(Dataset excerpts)
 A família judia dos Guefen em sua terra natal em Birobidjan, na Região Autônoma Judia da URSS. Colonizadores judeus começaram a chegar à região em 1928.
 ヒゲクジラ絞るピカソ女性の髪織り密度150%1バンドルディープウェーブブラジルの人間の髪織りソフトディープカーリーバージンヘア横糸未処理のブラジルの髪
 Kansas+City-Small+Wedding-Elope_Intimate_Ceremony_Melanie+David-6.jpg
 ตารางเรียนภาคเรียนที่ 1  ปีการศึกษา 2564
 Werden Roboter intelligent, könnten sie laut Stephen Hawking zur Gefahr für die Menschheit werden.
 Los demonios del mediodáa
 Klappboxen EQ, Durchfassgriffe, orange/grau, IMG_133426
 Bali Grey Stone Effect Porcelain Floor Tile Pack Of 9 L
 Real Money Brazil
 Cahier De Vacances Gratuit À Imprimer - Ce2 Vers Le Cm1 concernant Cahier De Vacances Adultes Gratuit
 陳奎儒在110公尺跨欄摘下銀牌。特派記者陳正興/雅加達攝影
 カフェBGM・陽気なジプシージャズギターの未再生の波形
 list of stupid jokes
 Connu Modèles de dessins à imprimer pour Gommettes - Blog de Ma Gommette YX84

# Exercise directions
The records shown above must be returned in full, exactly as written.

# Output for this task
 A família judia dos Guefen em sua terra natal em Birobidjan, na Região Autônoma Judia da URSS. Colonizadores judeus começaram a chegar à região em 1928.
 ヒゲクジラ絞るピカソ女性の髪織り密度150%1バンドルディープウェーブブラジルの人間の髪織りソフトディープカーリーバージンヘア横糸未処理のブラジルの髪
 Kansas+City-Small+Wedding-Elope_Intimate_Ceremony_Melanie+David-6.jpg
 ตารางเรียนภาคเรียนที่ 1  ปีการศึกษา 2564
 Werden Roboter intelligent, könnten sie laut Stephen Hawking zur Gefahr für die Menschheit werden.
 Los demonios del mediodáa
 Klappboxen EQ, Durchfassgriffe, orange/grau, IMG_133426
 Bali Grey Stone Effect Porcelain Floor Tile Pack Of 9 L
 Real Money Brazil
 Cahier De Vacances Gratuit À Imprimer - Ce2 Vers Le Cm1 concernant Cahier De Vacances Adultes Gratuit
 陳奎儒在110公尺跨欄摘下銀牌。特派記者陳正興/雅加達攝影
 カフェBGM・陽気なジプシージャズギターの未再生の波形
 list of stupid jokes
 Connu Modèles de dessins à imprimer pour Gommettes - Blog de Ma Gommette YX84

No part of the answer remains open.